**Task to carry out**
Retype the following data exactly, but leave its pictures out.

**Data excerpt**
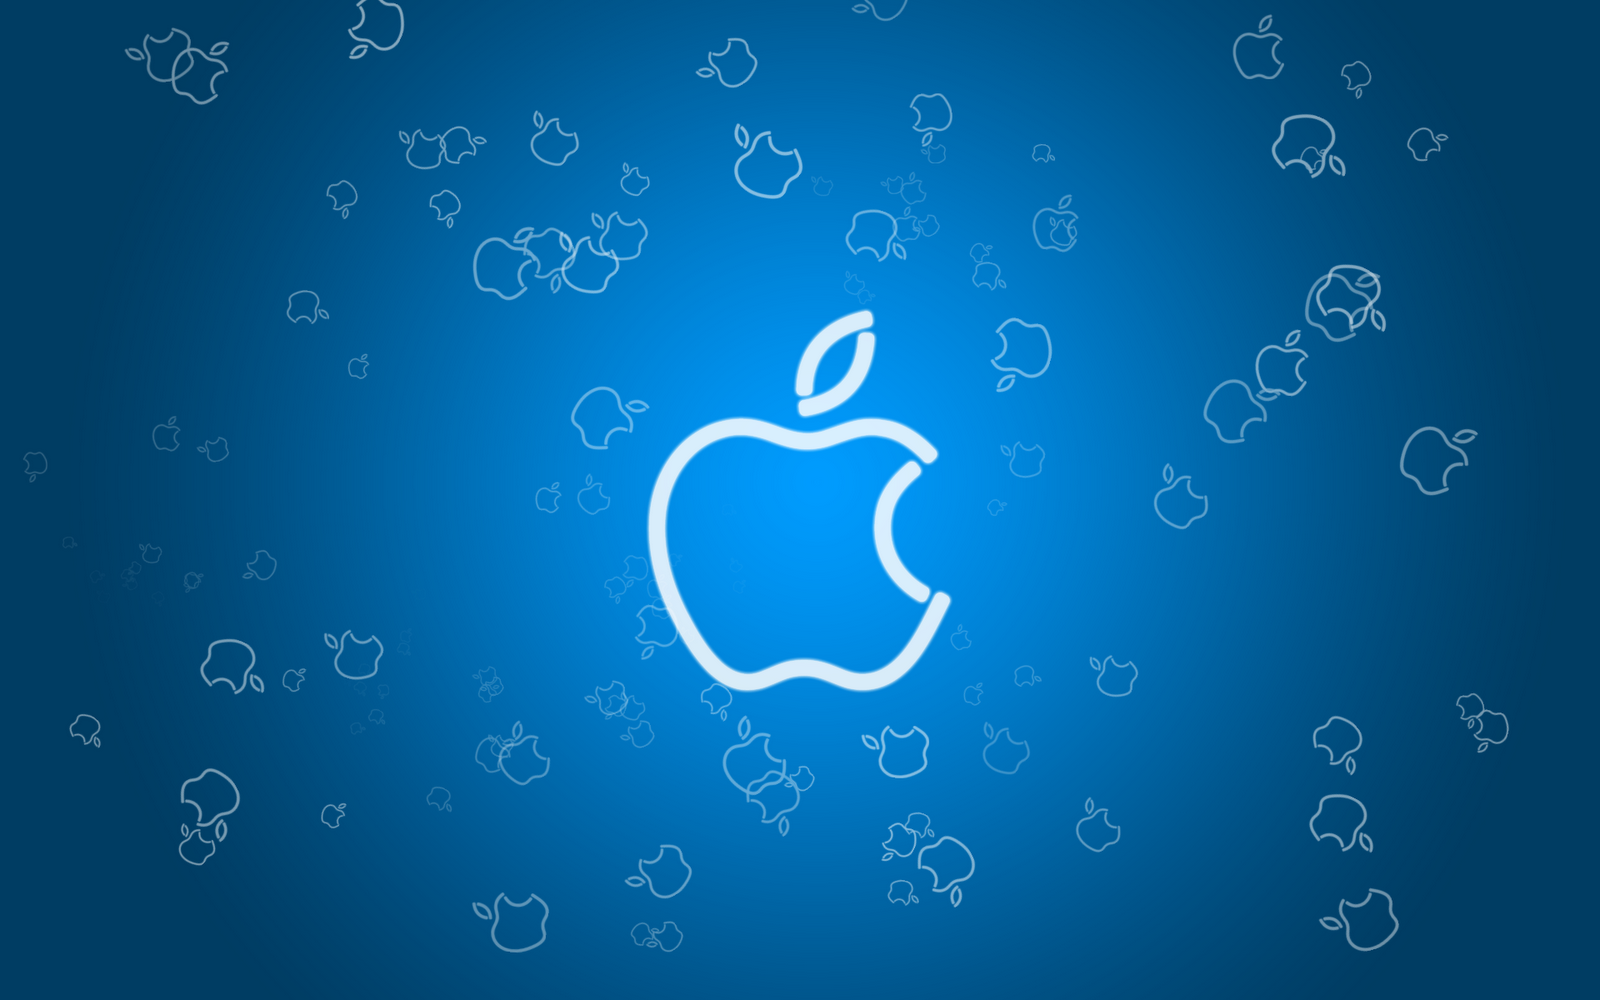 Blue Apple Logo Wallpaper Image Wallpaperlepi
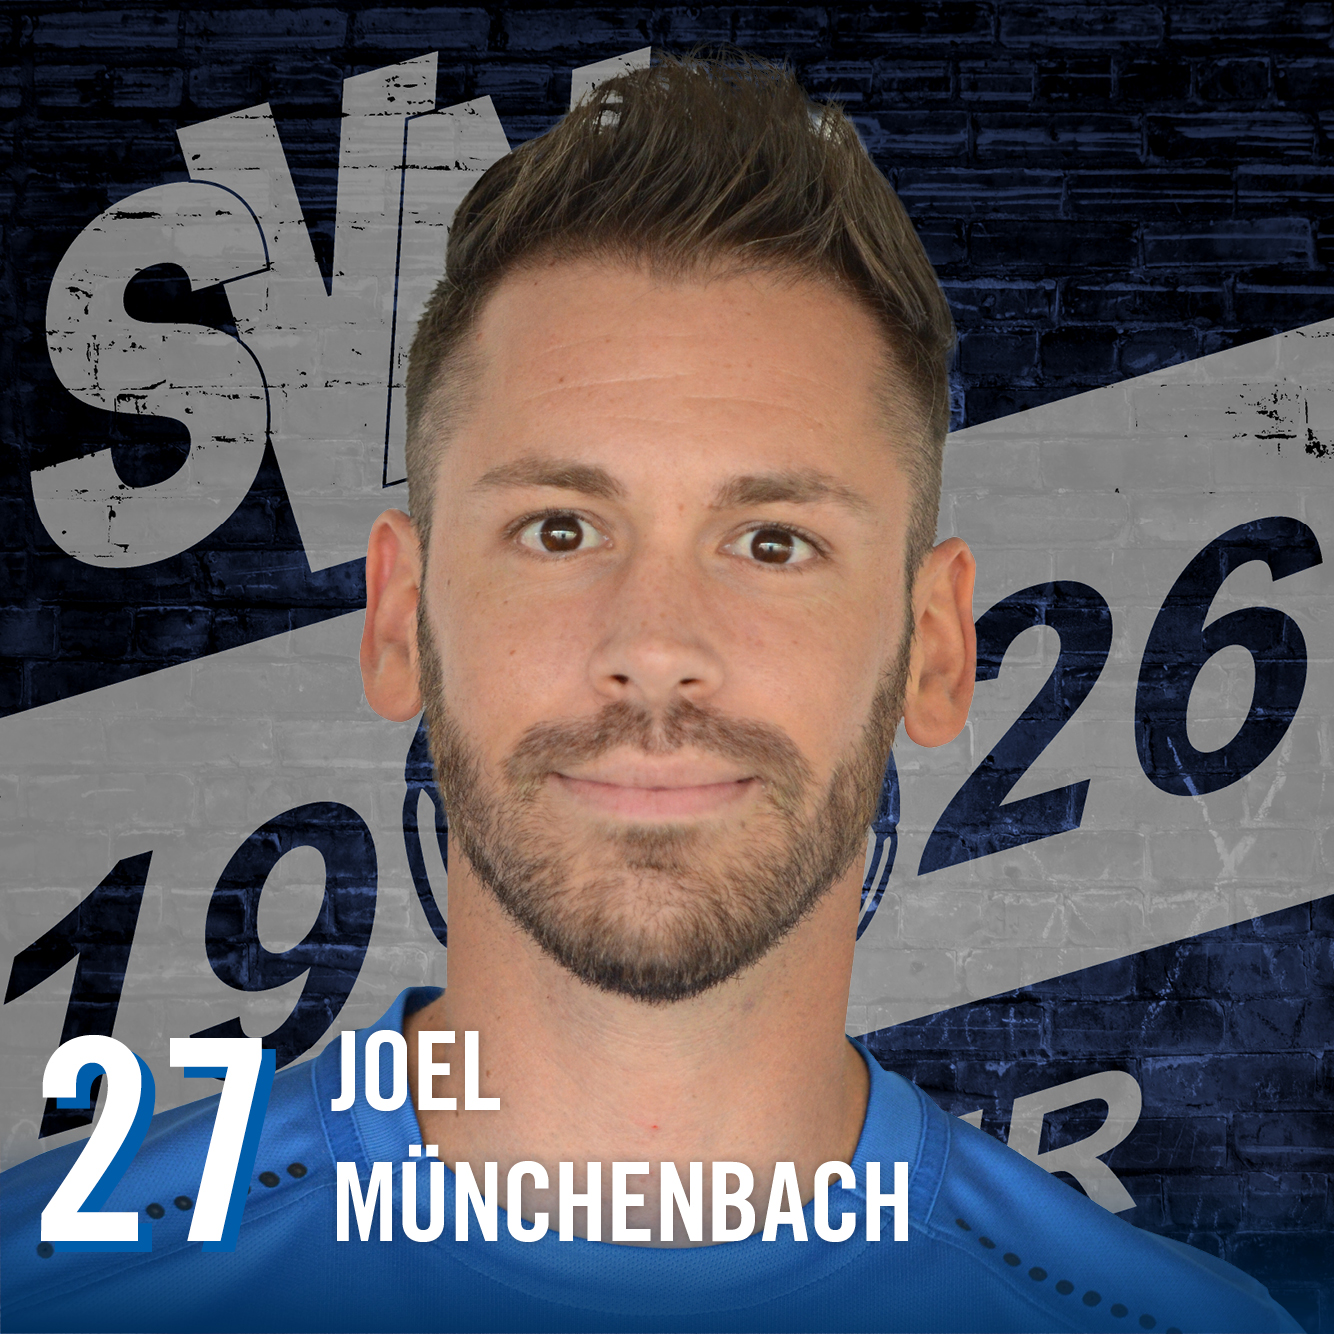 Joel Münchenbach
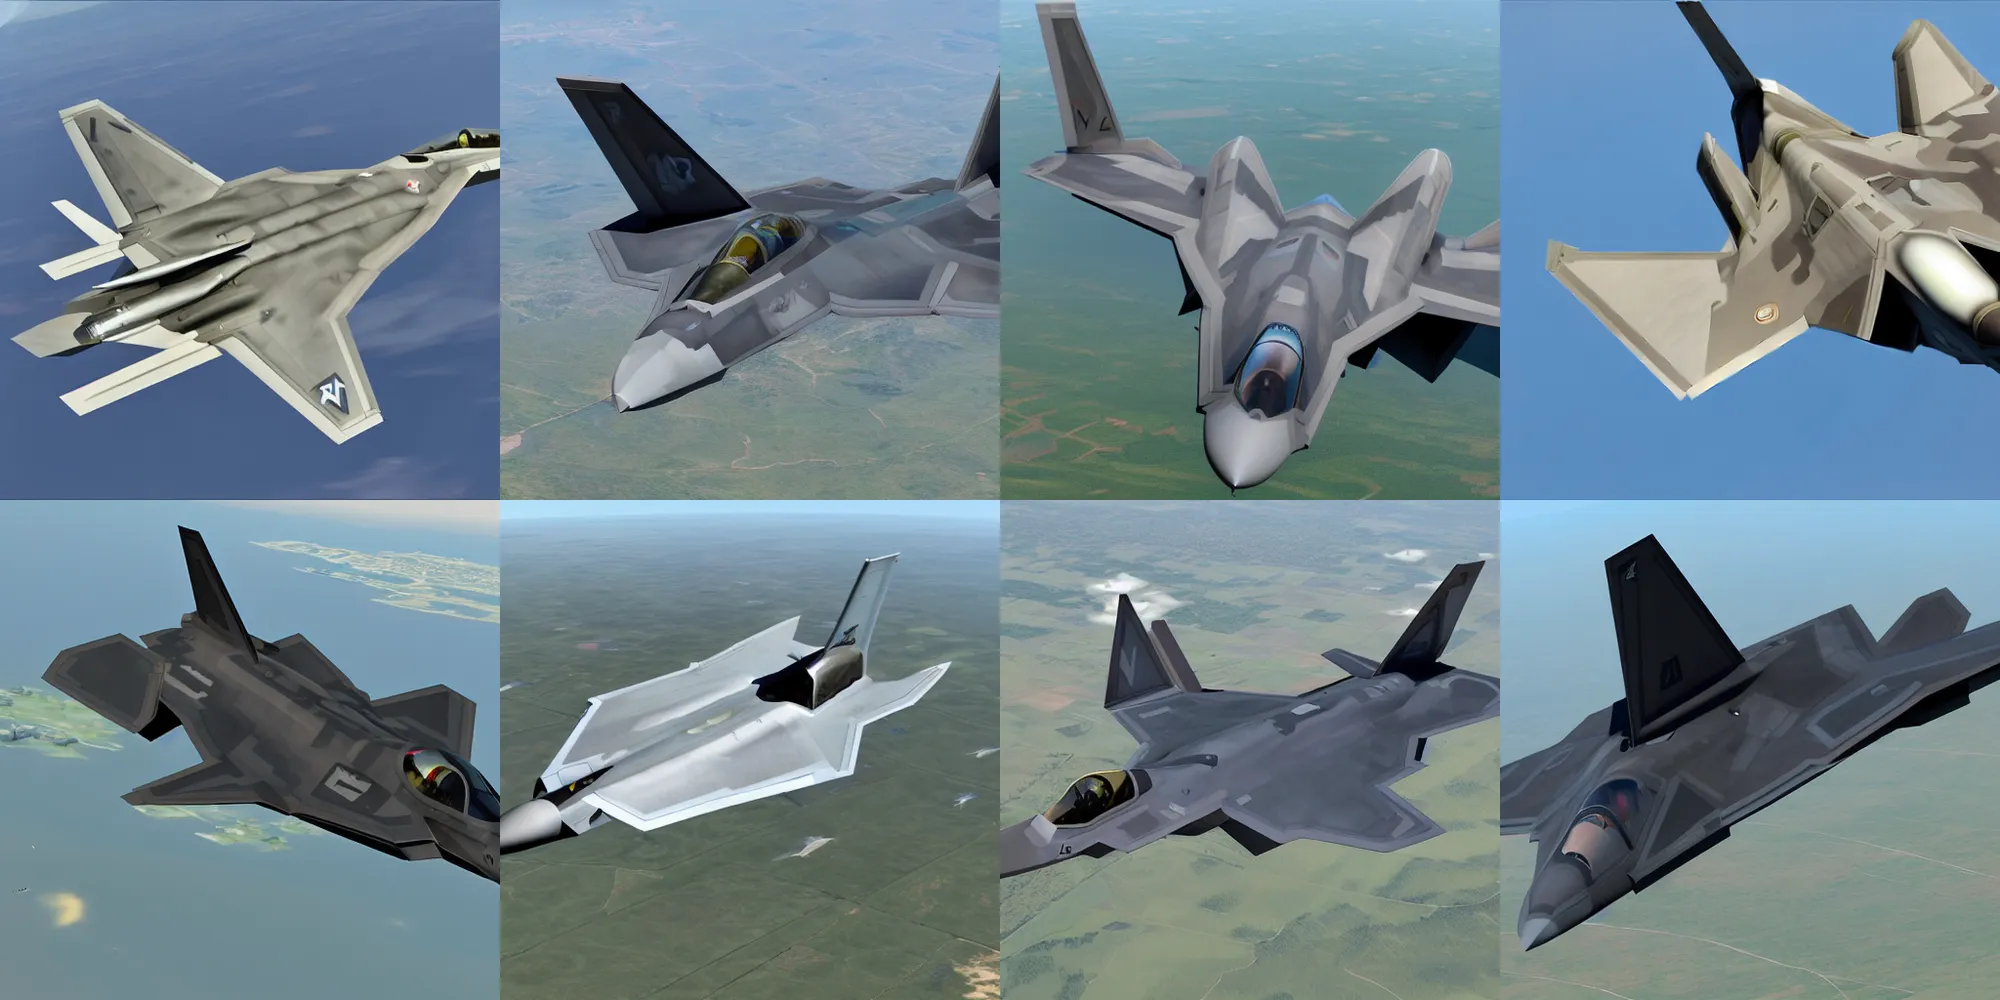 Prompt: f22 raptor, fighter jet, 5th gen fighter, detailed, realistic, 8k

**Task result**
 Blue Apple Logo Wallpaper Image Wallpaperlepi
 Joel Münchenbach
 Prompt: f22 raptor, fighter jet, 5th gen fighter, detailed, realistic, 8k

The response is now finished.